**Problem requirements:**
Write the data out again, character for character, with no images.

**Dataset excerpt:**
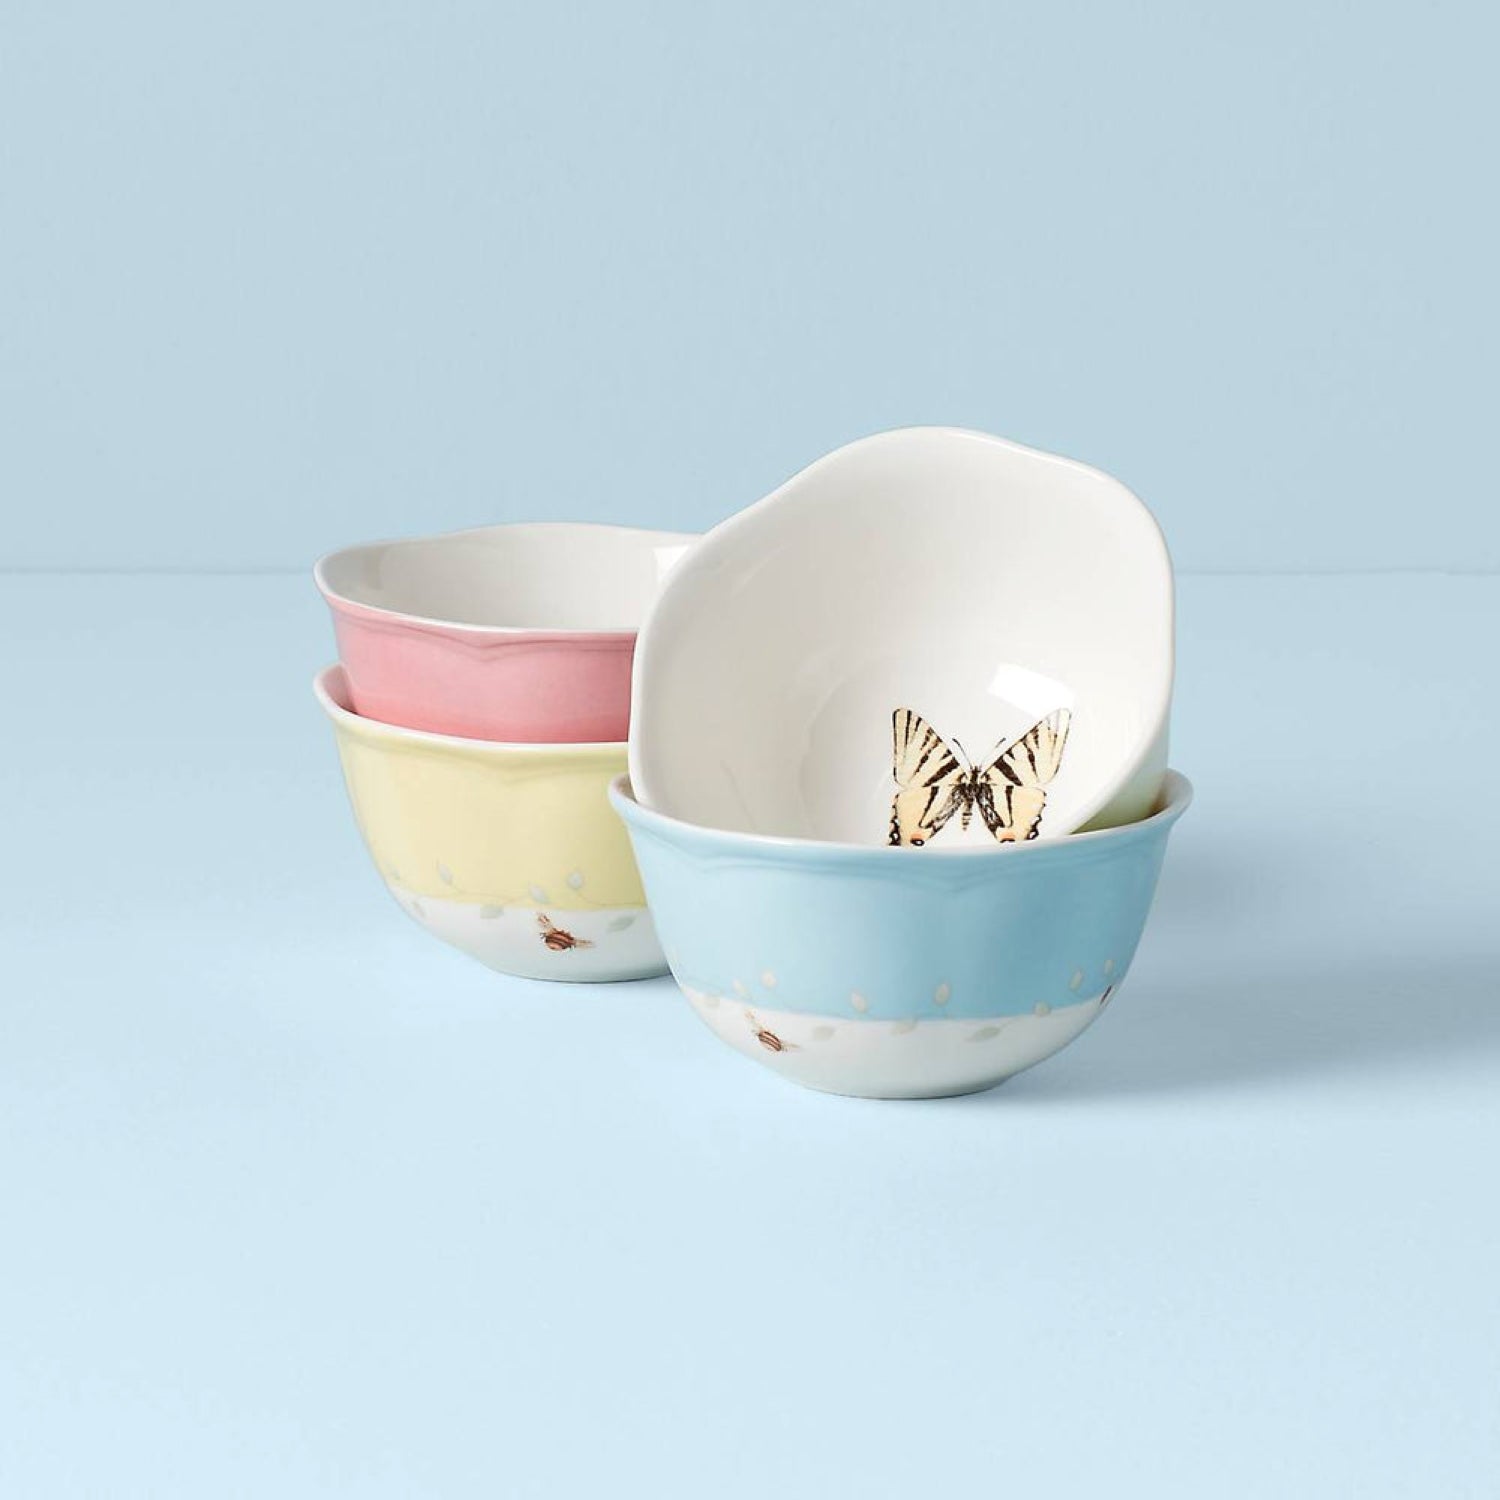 Lenox Butterfly Meadow Dessert Bowls, Set of 4 – Lijo Décor
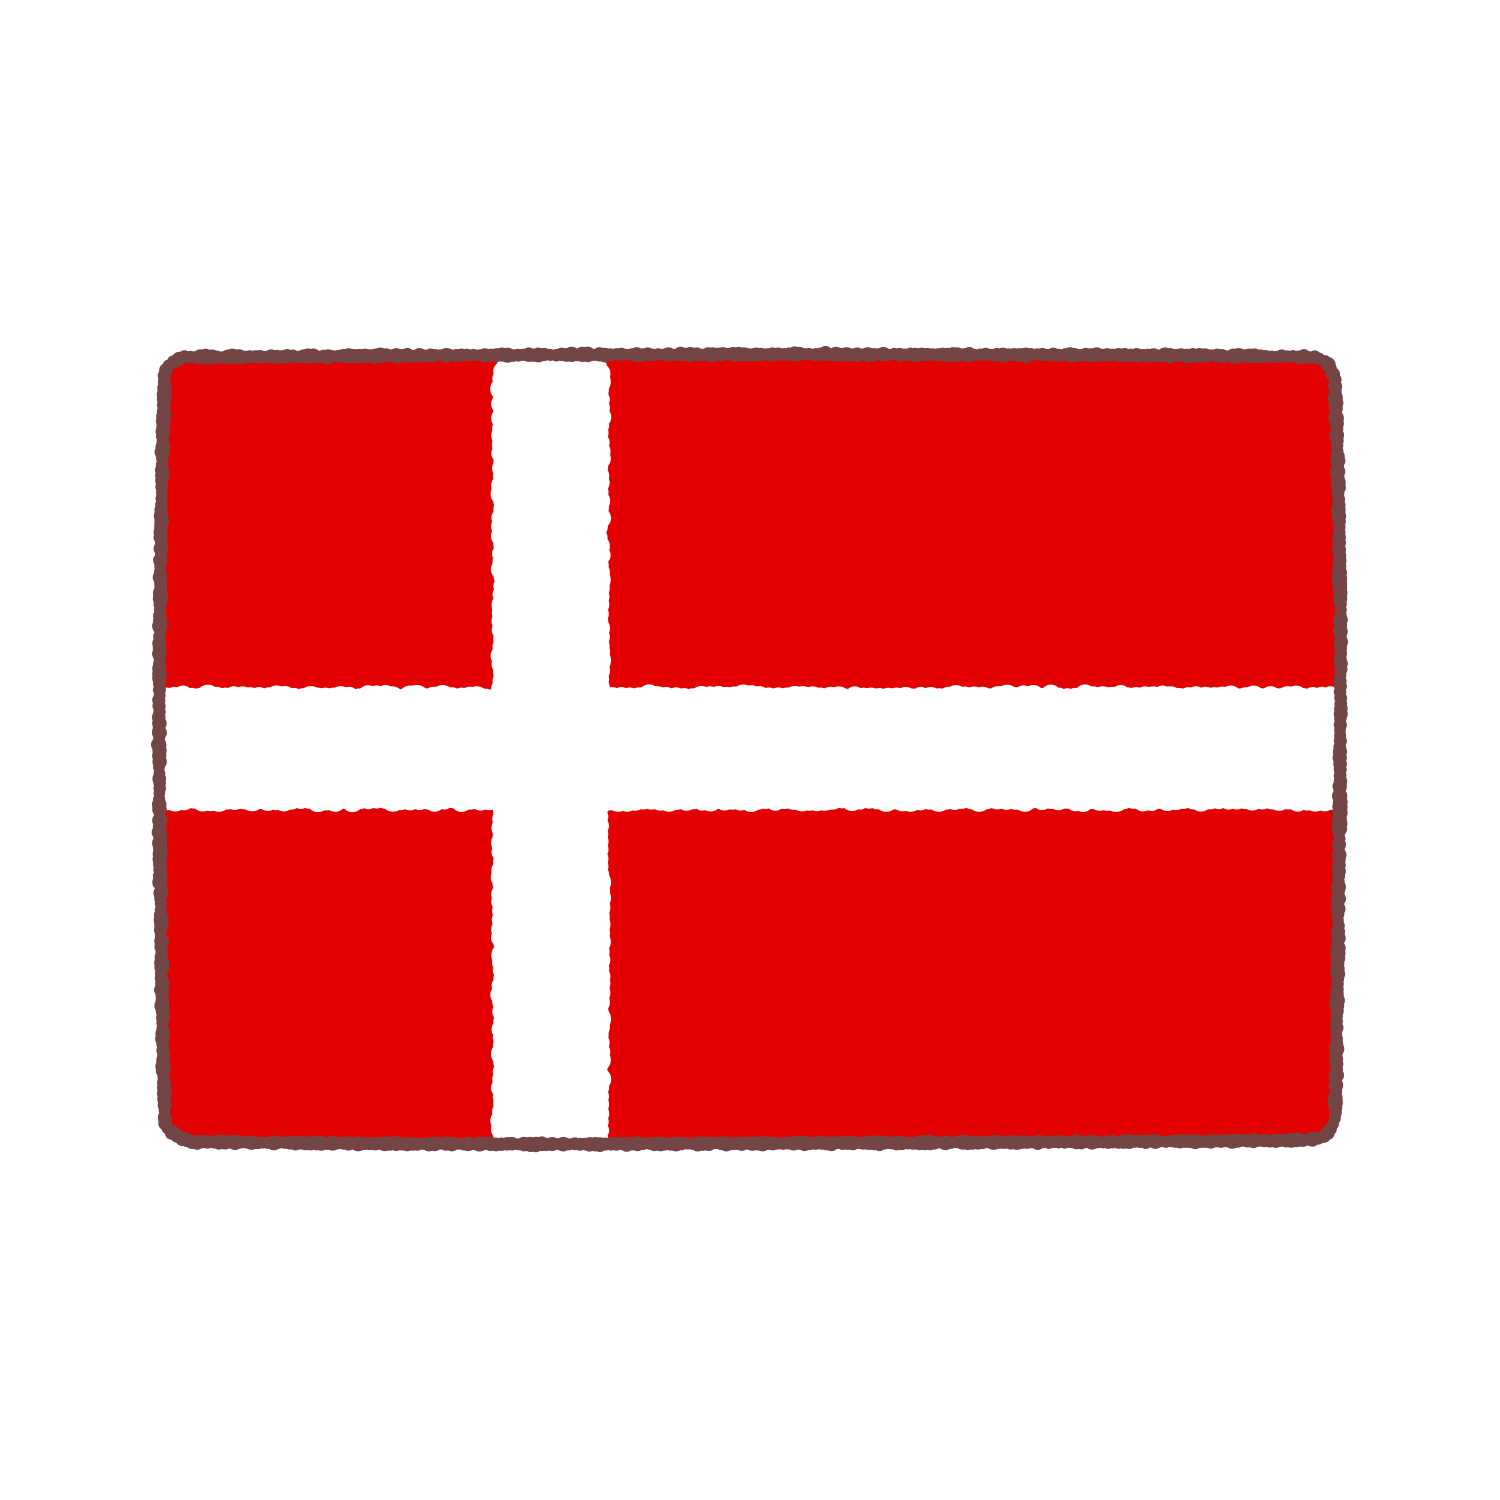 デンマーク国旗のイラスト
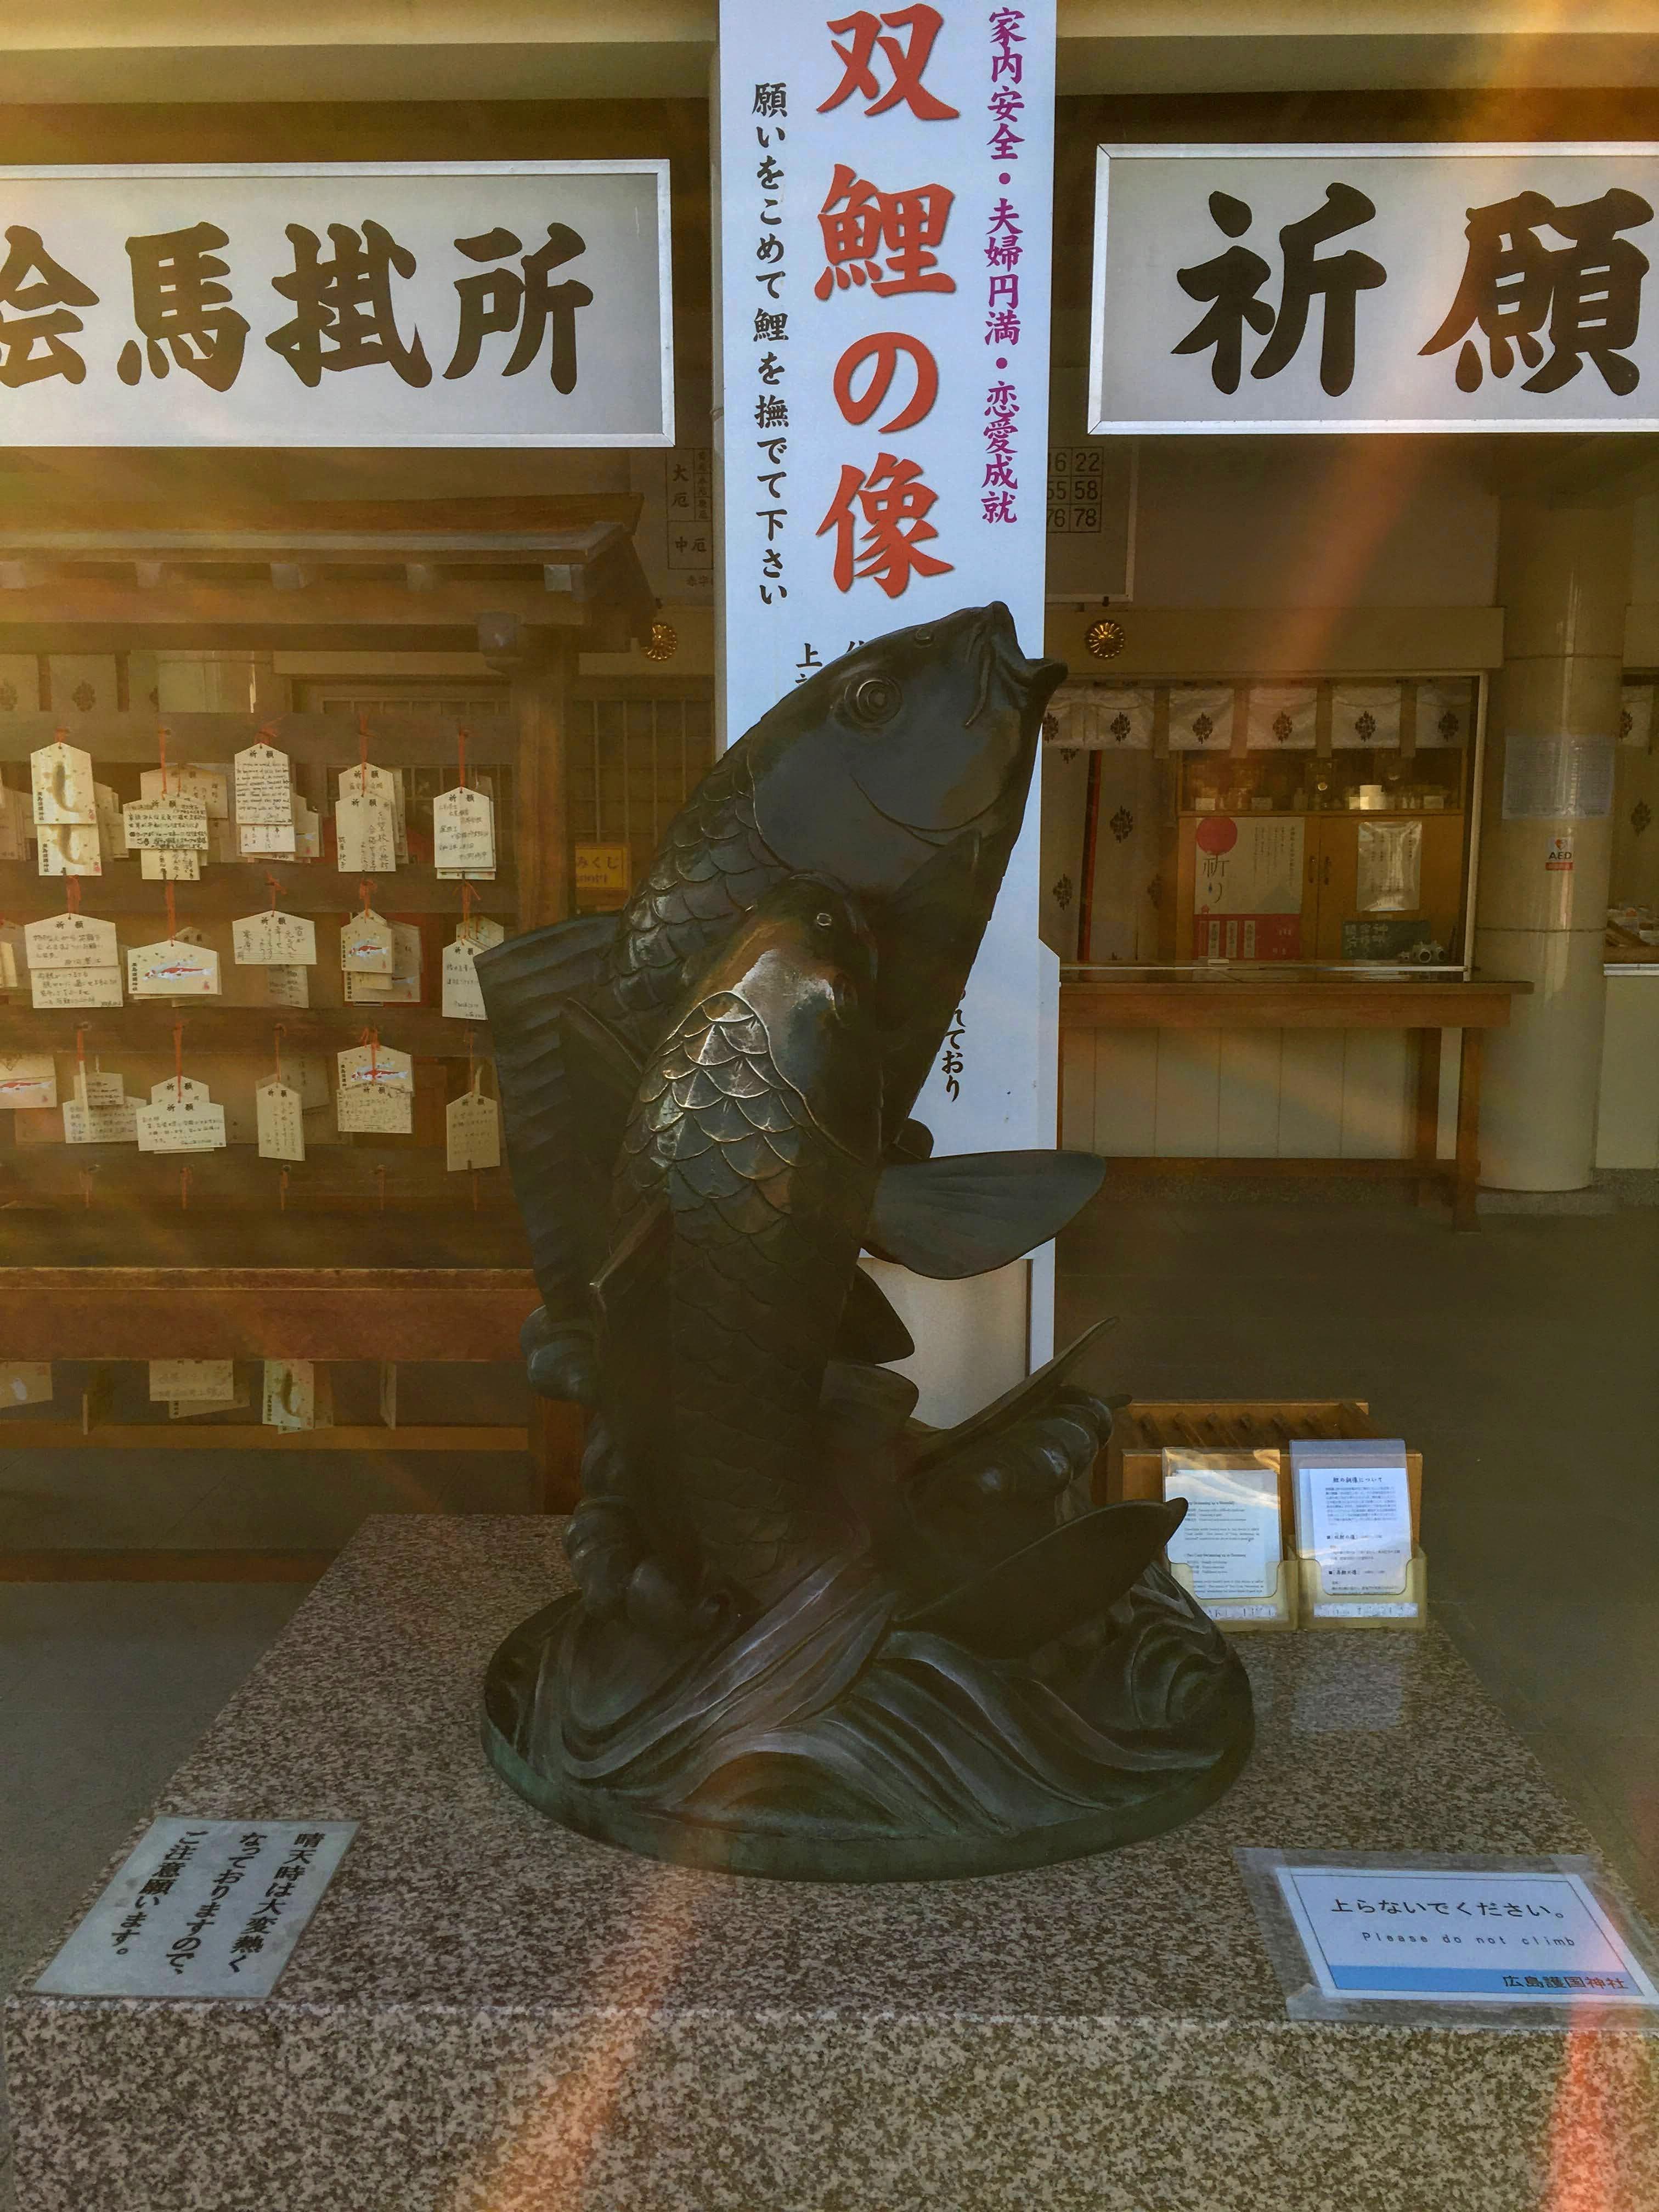 在護國神社內處處可見的鯉魚。

**Solved exercise:**
 Lenox Butterfly Meadow Dessert Bowls, Set of 4 – Lijo Décor
 デンマーク国旗のイラスト
 在護國神社內處處可見的鯉魚。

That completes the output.